Celiac disease (CD) is caused by an immunological response to gluten peptides in wheat. This response damages the intestine and can compromise the absorption of essential nutrients. Specific variants of HLA class II genes (which encode proteins that participate in the immune recognition of gluten) confer an elevated risk of CD, but additional genes are likely to contribute to the disorder. Lifelong adherence to gluten-free diets is difficult, and there is interest in devising alternative therapies.

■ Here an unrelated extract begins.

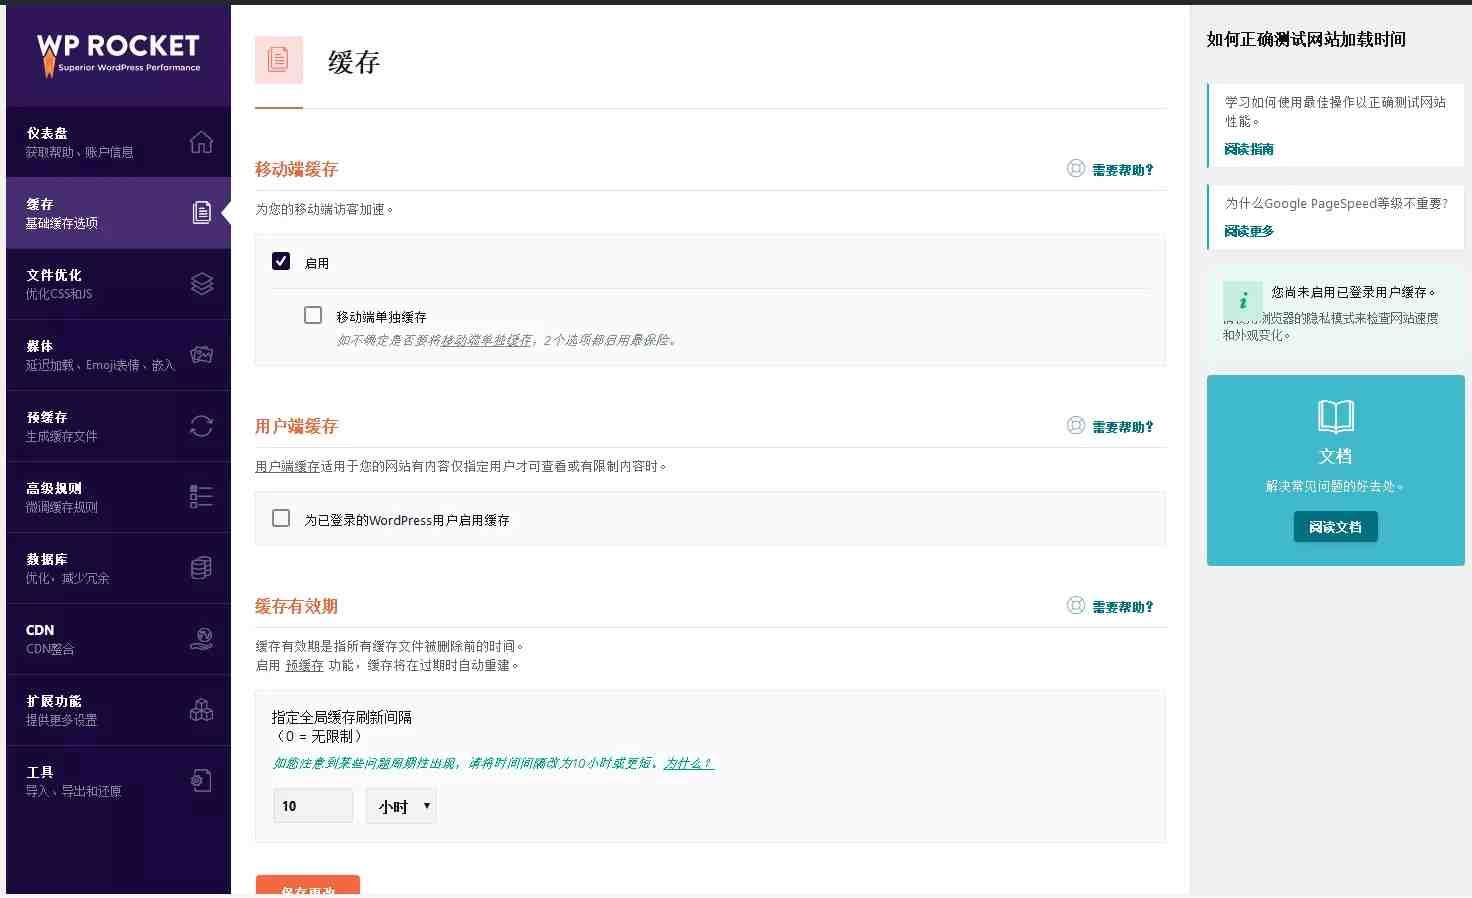 【WP缓存插件】Rocket汉化版WP超强缓存插件已更新至V3.5.4[WordPress插件]-找主题源码

Promising new leads have emerged from genome-based studies of both the human victims and the plant assailant. In a genetic association analysis of two Dutch populations, Monsuur et al. identified a sequence variant that conferred a twofold greater risk of CD. This variant resides within an intron of the human MYO9B gene, which encodes an unconventional myosin that may play a role in the ability of intestinal epithelial cells to form a tight barrier, and the variant allele may increase the access of gluten peptides to immune cells. Spaenij-Dekking et al. investigated whether different varieties of wheat contain different levels of the gluten peptides that trigger the pathogenic immune reaction. Based on the results of database searches of gluten sequences and in vitro immunological assays, the authors concluded that sufficient genetic variation exists in wheat to warrant consideration of selection strategies that would produce varieties that are better tolerated by celiacs.